We have eight out of eleven children still at home - of those eight, the older four are in their "teen" years. The youngest two are three and five years old respectively. And when you look at the eight children: our oldest child is an eighteen year old daughter, our youngest is a three year old daughter. In between those two roses, we have six boys. To say that each day is a challenge is an understatement.
As a homeschooling family, we are very close. We find the mistaken notion that a homeschool child is not adept at social interaction a rather humorous thought. We have learned this: if a child can learn to interact with his siblings in the give and take of a large household, he or she will be quite capable in knowing how to get along with other people outside the home.
As parents, we have also learned from the wisdom given in Proverbs 22:6, "Train up a child in the way he should go, And when he is old he will not depart from it."
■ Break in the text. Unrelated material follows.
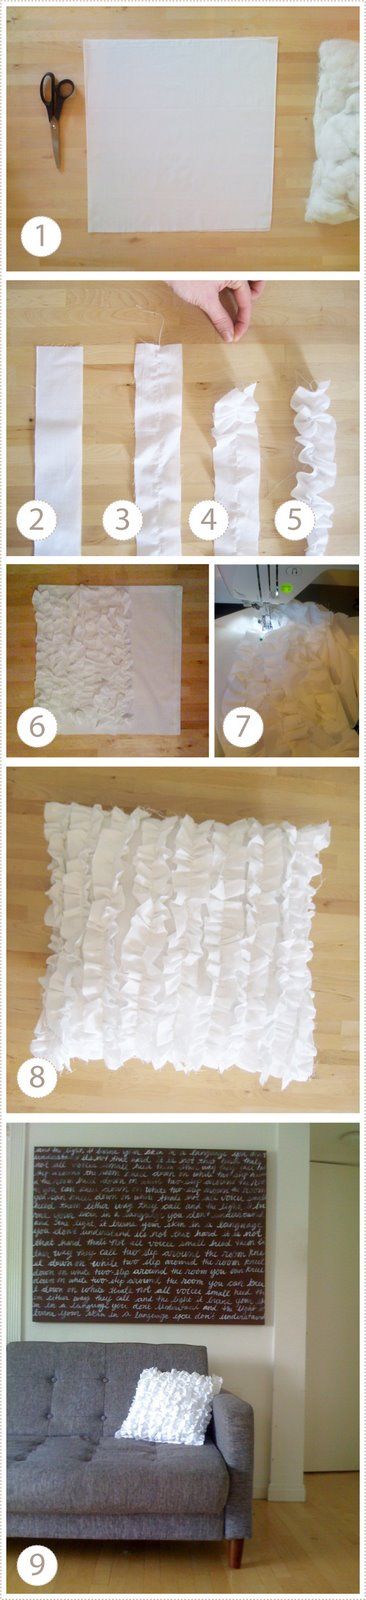 DIY ruffle pillows. I can So make this!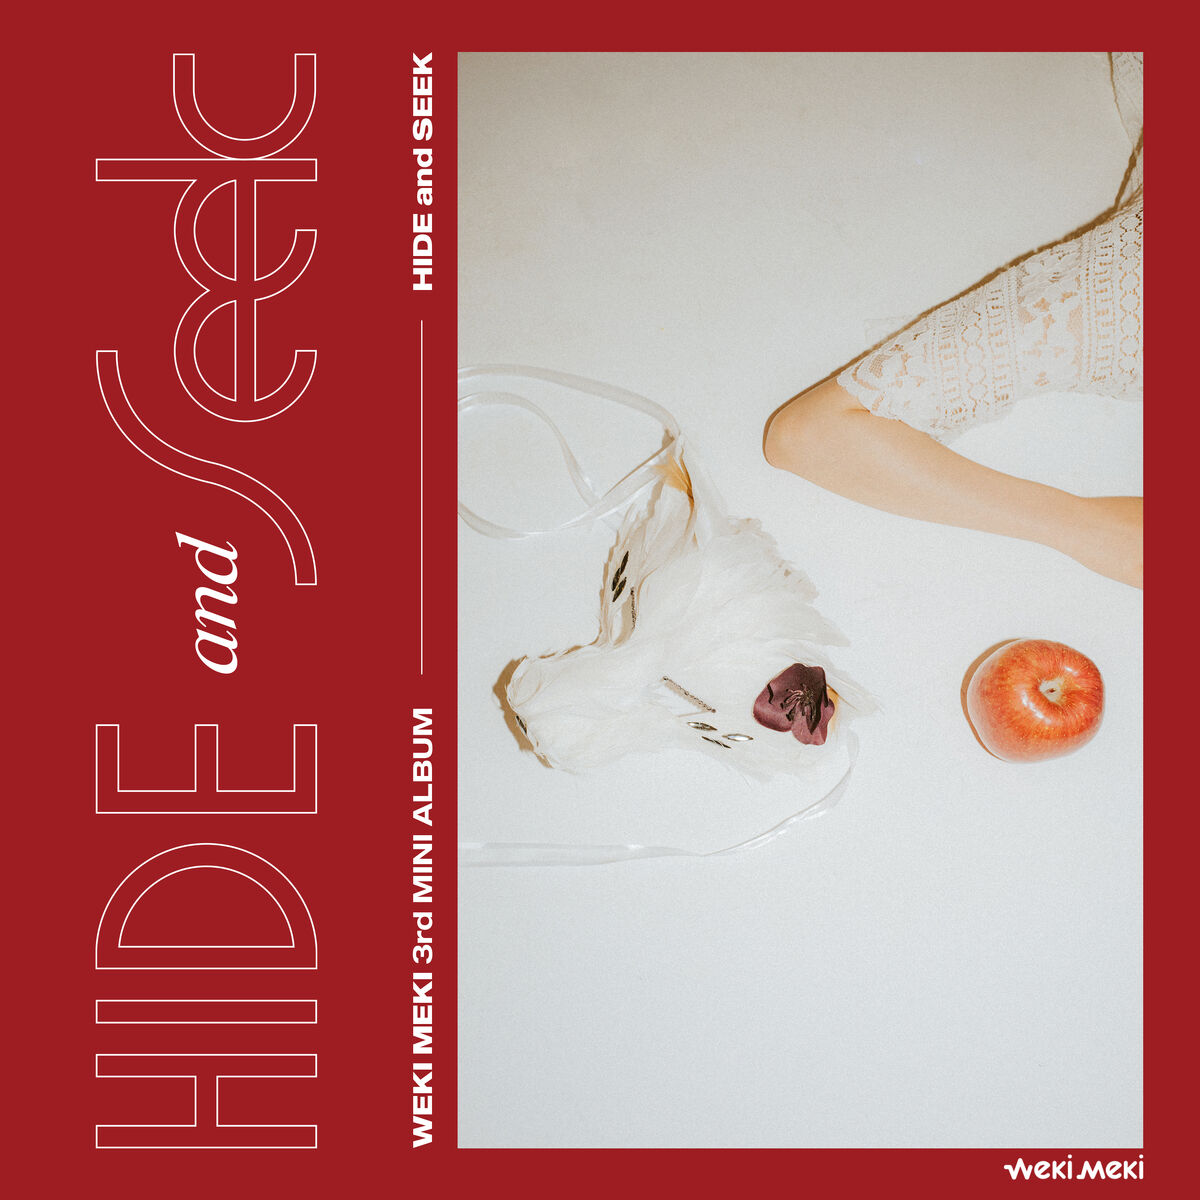 Hide and Seek (Cinematic Version) [feat. Dysergy] - Single - Album

In the Hebrew language, the verse reads like this: "Train up a child in its own unique way..."

No two children are alike. Yes, absolutes should be taught to all the children, but they should not be taught in the same way to each child. That would be a mistake. The challenge of parenting is to discover the uniqueness of each child. Once that is discovered, the important things of life can be taught the child in a wonderfully personal way. Each child will learn best when what is being taught is uniquely crafted to their own individual character.

How do we, as parents, accomplish such a foreboding assignment? It takes alot of time given over to each child in the following areas:
1. observing the child
2. listening to the child
3. playing (interacting) with the child
4. being a good example to the child, and finally
5. matching our life example with verbal training to the child in the area you, as a parent, are seeking to develop.

Sure, it sounds like a big list - and it is, but they are worth it!